Within the work’s opening moments, pressure simmers. Initially, Hay’s accompanying musings sound affordable, even clever: “The physique is at all times speaking to us, if we’ll solely take the time to hear.” However they turn into more and more questionable, as she posits that “all sickness is self-created” and “we select our mother and father; we select our intercourse, our colour, our nation.” The piercing whimper of a canine — an alarming interruption — drowns out her voice. (The title interprets to “I cried with the canines.”)
This cry of misery ushers in what might be a unique method to therapeutic: one created on the artists’ personal phrases, taking significantly the interconnection of the self with social constructions (and with different species). Channeling canine conduct, the dancers — with formidable conviction — bark, moan, grunt, howl and pant. Alone and in pairs, they wrest themselves into extreme contortions and painful-looking balances, generally coming proper up near the viewers, which surrounds them on three sides.
At first this all resembles a type of self-torture, intensified by ominous drones and squawks within the intermittent rating (by Sean MacPherson, Ashbee and Gabriel Nieto, who can also be one of many dancers). But intriguingly, it evolves into one thing extra like play, one dancer tagging one other as an invite to perilously accomplice. Nieto lies on his again, legs up, supporting Greys Vecchionacce in a suspended handstand. In a similar way, Audrey Sides teeters horizontally on the soles of Elise Vanderborght’s toes. Irene Martínez does a headstand on her personal, legs arching again in a physics-defying curve. All of them seem to take nice pleasure in these feats.

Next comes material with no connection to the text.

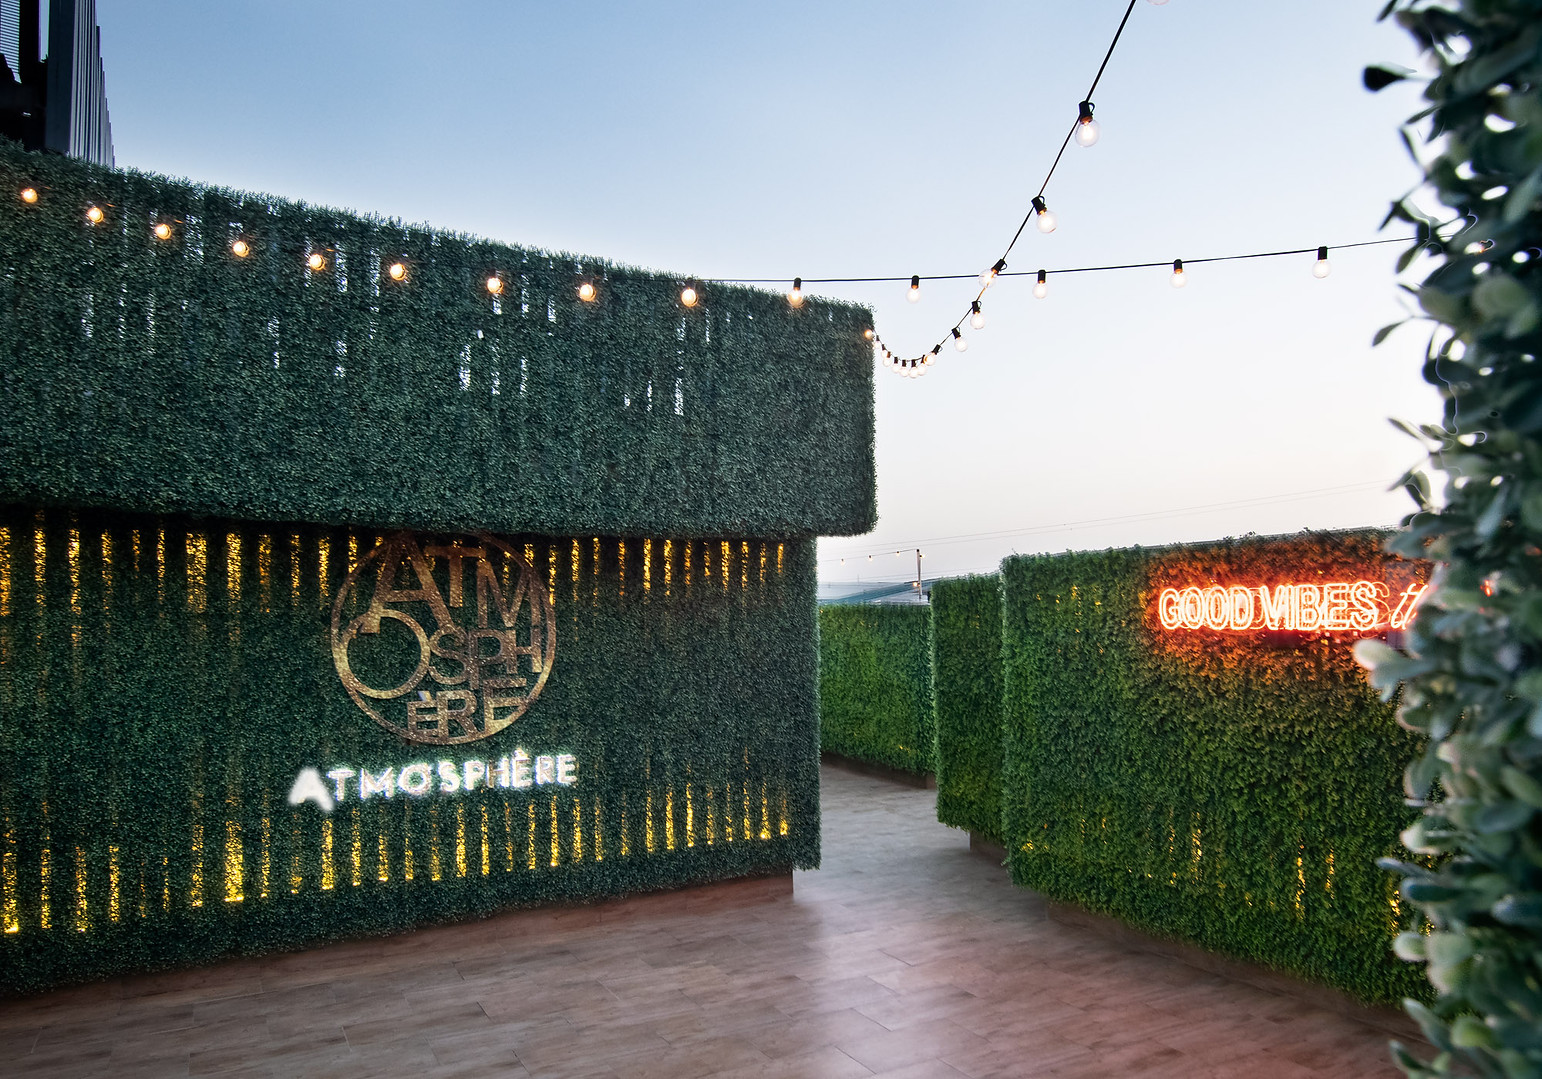 DCC_Atmosphere Rooftop Restaurant_31.jpg

At instances, the provocations of “J’ai Pleuré” appear unmoored from a deeper basis, looking for to shock for shock’s sake. However by the tip, the piece unmistakably finds its sense of goal, most potently in a duet for Nieto and Vecchionacce, which appears like a mourning and a reclamation. Whereas the poetic lighting dims, as if to sign an finish, the 2 conjure a brand new starting in a transporting call-and-response, a sound between a growl and a wail flowing from their our bodies. As Nieto traverses the perimeter of the house, Vecchionacce punches, stamps and spins within the middle, a panoramic drive. When all 5 dancers reunite ultimately, lights up on their uncovered our bodies, one thing has been healed.
J’ai Pleuré Avec les Chiens (Time, Creation, Destruction)
Jan. 13-14 at Gibney Dance; gibneydance.org.